Судя по осанке этой женщины, нельзя было предположить, что ей сорок один год. Черты её лица, обрамленного чудесными золотисто-белокурыми волосами, потеряли уже выражение прежней юности, но и старость ещё не наложила своей печати на античное лицо, чистые и благородные линии которого, казалось, сопротивлялись влиянию времени.
С невыразимой грацией сидела головка императрицы на длинной, красивой шее; большие глаза неопределённого цвета, хотя и не светившиеся глубоким умом, но выражавшие сильную впечатлительность, оживляли её правильные, словно из мрамора, изваянные черты.
На императрице было тёмное шёлковое платье, густые, широкие складки которого ложились, сообразно моде, на пышный tulle d’illusion[5], который в низших слоях общества заменялся отвратительным и безвкусным кринолином; единственным убором служила брошь из большого изумруда, осыпанного жемчугом.
Заметив, что в комнате никого нет, она удивлённо заозиралась, ища глазами императора.
Когда её взгляд упал на тёмную портьеру, закрывавшую ход в кабинет Пьетри, на её лице отразилось понимание; подойдя к столу, Евгения медленно опустилась в кресло, которое недавно оставил император.
Её взгляд бродил по столу, как бы отыскивая, чем заняться в ожидании супруга.
Заметив оставленное Наполеоном письмо, императрица с лёгким неудовольствием посмотрела на него. Она протянула руку и, взяв письмо кончиками тонких розовых пальцев, начала его читать.

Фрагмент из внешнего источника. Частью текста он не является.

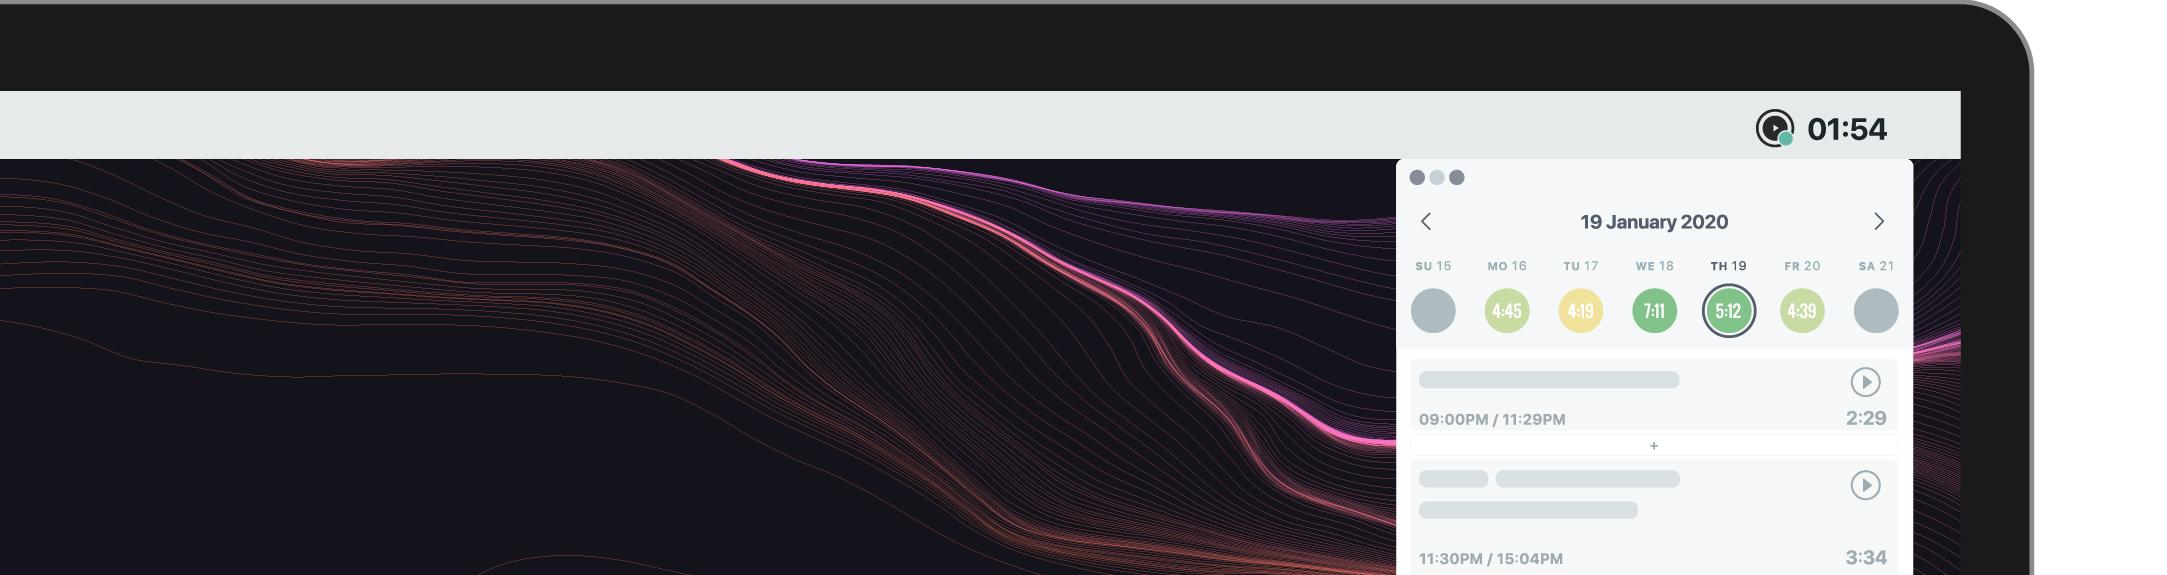 📣 New Desktop App for Windows and Mac

— Какие уверения в дружбе! — вскричала она с едва заметной иронией.
Но вдруг глаза её расширились, в лице явилось выражение напряжённого внимания. Евгения быстро прочла письмо до конца, бросила на стол и, встав, стала ходить по комнате быстрыми шагами.
— Стало быть, дело начато! — воскликнула она, остановившись и вцепившись пальцами в спинку кресла. — Я опасалась, что ум императора не освободится от мысли заключить мир с Германией, этим плодом прусского честолюбия, и откажется от мщения. Это скудное вознаграждение, это ничтожное великое герцогство Люксембург, не должно подкупить Францию, побудив её смотреть спокойно на расширение Германии, на усиление Италии, к вреду и гибели церкви!
Евгения сделала ещё несколько шагов.
— Если осуществится эта комбинация, то будущее грозит нам гибелью, — был её вердикт. — Этому не бывать: мы должны ждать и укрепляться, чтобы потом выступить со всеми силами Франции и достигнуть большего, чем Люксембург.
Потом взмахнула рукой.
— Но как расстроить то, что уже, по-видимому, сделано? — прошептала императрица, опустив голову.
Послышался шум, у портьеры стоял Наполеон.
Евгения живо повернула голову и улыбнулась супругу.
Император быстро подошёл к ней, его лицо светилось радостью.
Жена протянула ему руку, которую Наполеон с юношеским изяществом поцеловал.
— Вы долго ждали? — спросил он.
— Одну минуту, — отвечала императрица. — Я зашла за вами, чтобы идти к Луи. Конно сказал мне, что малютку надо поскорее перевести в Сен-Клу.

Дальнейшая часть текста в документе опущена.